True. We get ideas about society and politics from many sources and generally give them the weight they’re worth. But for some reason, Heinlein tops the list for being taken far too seriously, and literally, and word-of-godly. He had some amazing insight and ideas. (And some pretty dopey ones.) I think we should listen to his insights, but not carve them into the walls of the temple.

(Rand, of course, outdoes them all… but she intended to. Fiction was just a vehicle to express her philosophy.)

Well, it’s worse than that. The whole suffrage scheme is based on military service but they seem to have a world government, which implies that, aside from the inevitable regional flareups, there’s actually nobody to fight. You can’t depend on bugs popping up every couple of years. So what happens to this society when peace actually breaks out for an extended period of time?

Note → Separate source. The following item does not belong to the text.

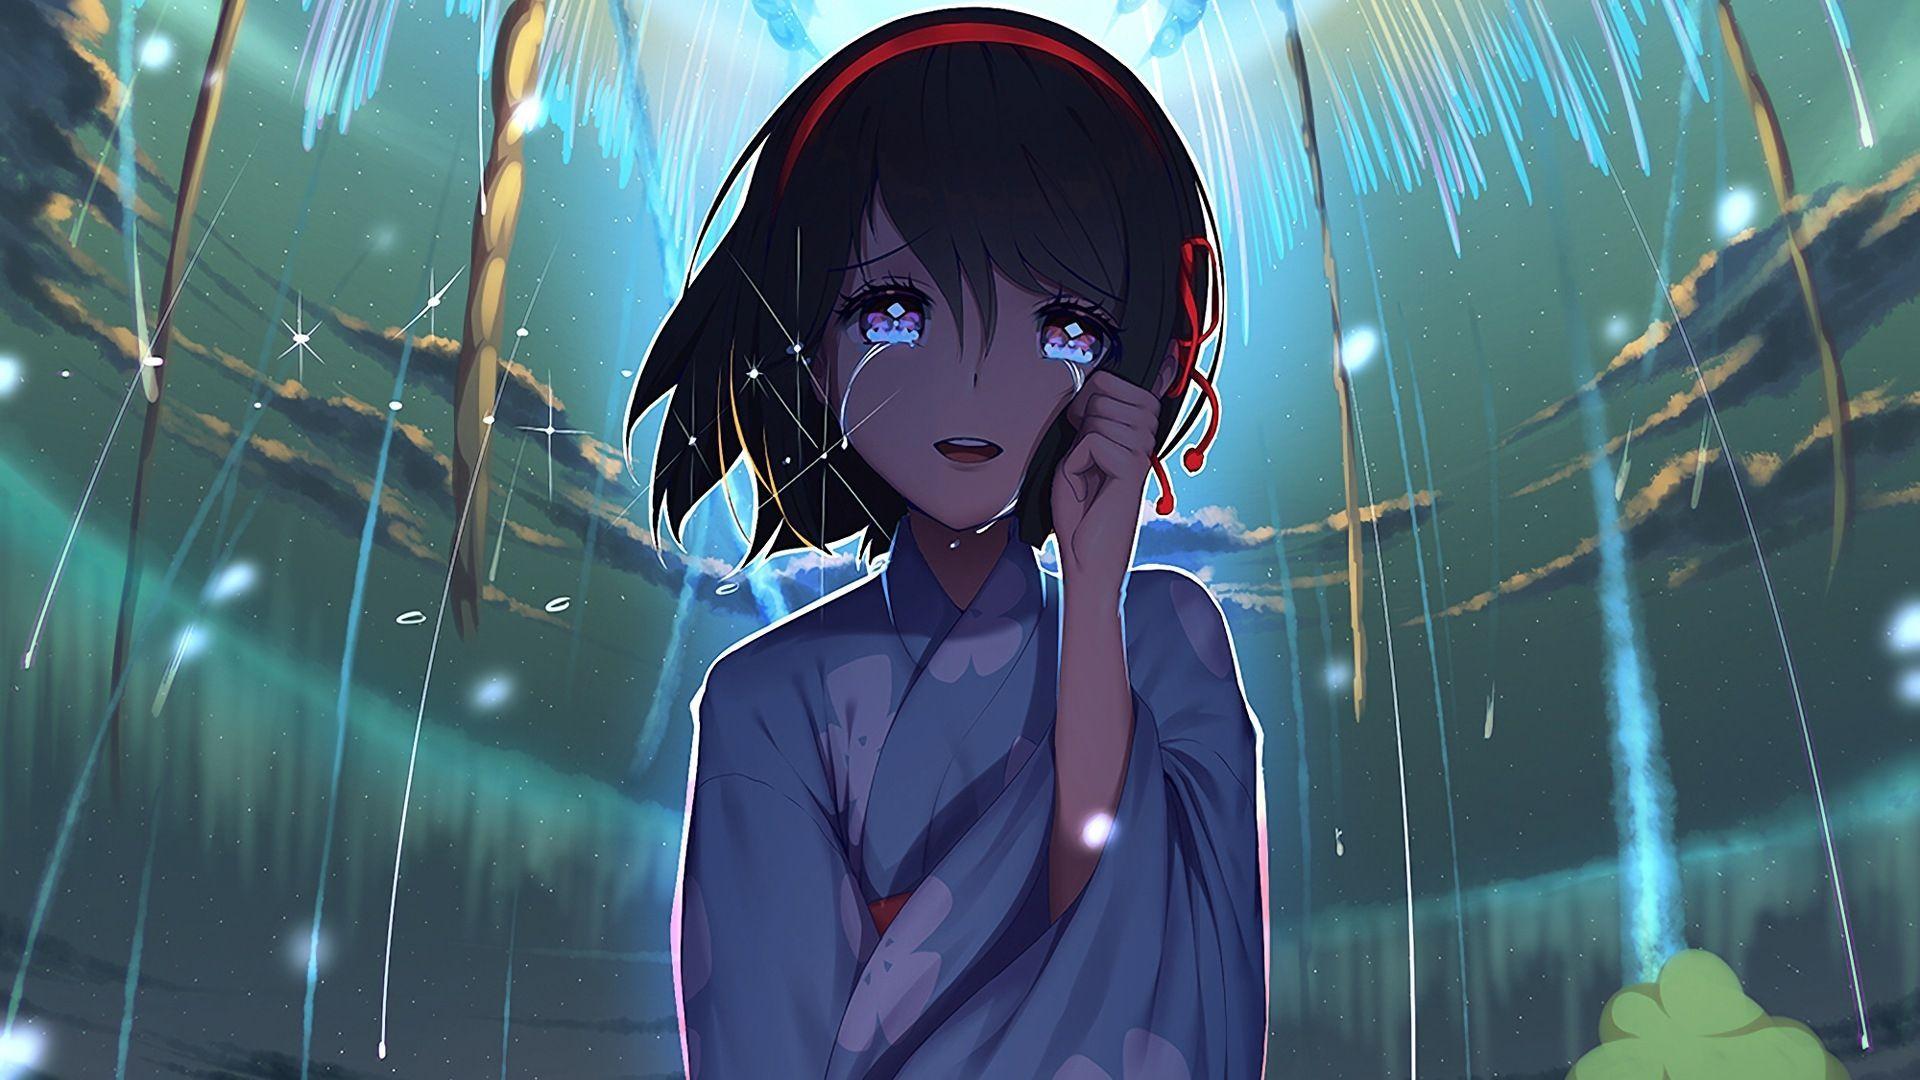 Sad Girls Anime Wallpapers - Wallpaper Cave

Suffrage is based on military service, but what if that military service isn’t particularly harsh and dangerous, simply because you can’t find enough harsh and dangerous conditions for all your volunteers? How do you staff your government when there are no veterans? What if people get tired of throwing money at a military whose only purpose is to serve as a gateway to political power? And how does sitting around a barracks for a few years waiting for a conflict to break out prepare you for anything except boredom?

Meanwhile, the grad student who finally cures cancer and changes the world can’t even run this universe’s equivalent of the CDC.